S’il est sans doute trop tôt pour opérer le bilan historiographique du premier centenaire de la Première Guerre mondiale en Suisse, un certain nombre de recherches se dégage d’ores et déjà: la thèse d’Alexandre Elsig sur la propagande allemande en Suisse, celle de Cédric Cotter sur l’action humanitaire, celle de Florian Weber sur les relations économiques avec les États-Unis, la synthèse codirigée par Thomas Buomberger, Patrick Kury et Roman Rossfeld ou encore les travaux de Konrad J. Kuhn et Béatrice Ziegler sur les mémoires de la Première Guerre mondiale.

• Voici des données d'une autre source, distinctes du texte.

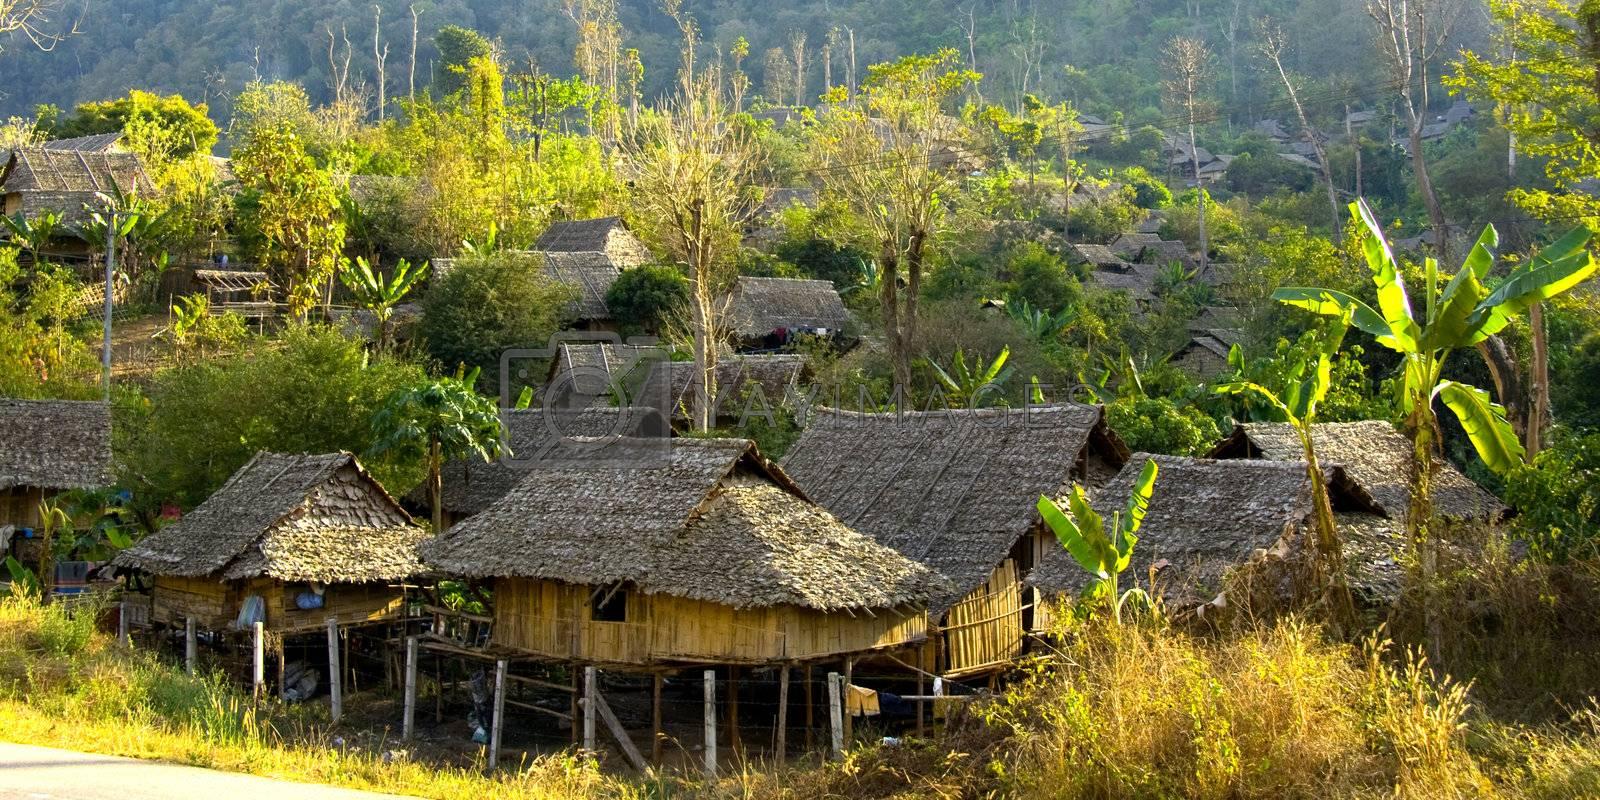 wooden jungle village set in the Thai-Burma border thailand

On peut leur ajouter l’ouvrage d’Adrian Gerber consacré au cinéma en Suisse entre 1914 et 1918. Fruit d’une thèse codirigée par Margrit Tröhler et Jörg Schweinitz, l’ouvrage vient combler une lacune importante. En effet, la littérature sur la production, la distribution et la réception du cinéma en Suisse durant cette période restait jusqu’ici fragmentaire: si l’on excepte l’Histoire du cinéma suisse d’Hervé Dumont, on en restait réduit à différents articles ou monographies sur les pionniers de l’industrie suisse du divertissement, sur la critique, sur le cinéma ambulant, sur l’architecture des premières salles fixes, sur la censure ou encore sur le paysage cinématographique dans un contexte régional spécifique. L’ambition ici est beaucoup plus vaste et vise à cartographier, sur l’ensemble du pays, la production filmique présente sur les écrans, le rôle des appareils de propagande des puissances belligérantes en Suisse, enfin les formes différenciées de la réception de certains films en fonction des configurations politiques et régionales. Pour ce faire, l’analyse s’appuie sur un dépouillement d’archives particulièrement conséquent. Outre la presse spécialisée et généraliste, on peut signaler les fonds de plusieurs archives communales ainsi que les ressources des Archives fédérales, des documents du Département des Affaires étrangères et des Archives fédérales à Berlin, ainsi que certaines ressources tout à fait inédites comme les archives du distributeur Monopol Films L. Burstein et la collection d’affiches du cinéma Radium à Zurich.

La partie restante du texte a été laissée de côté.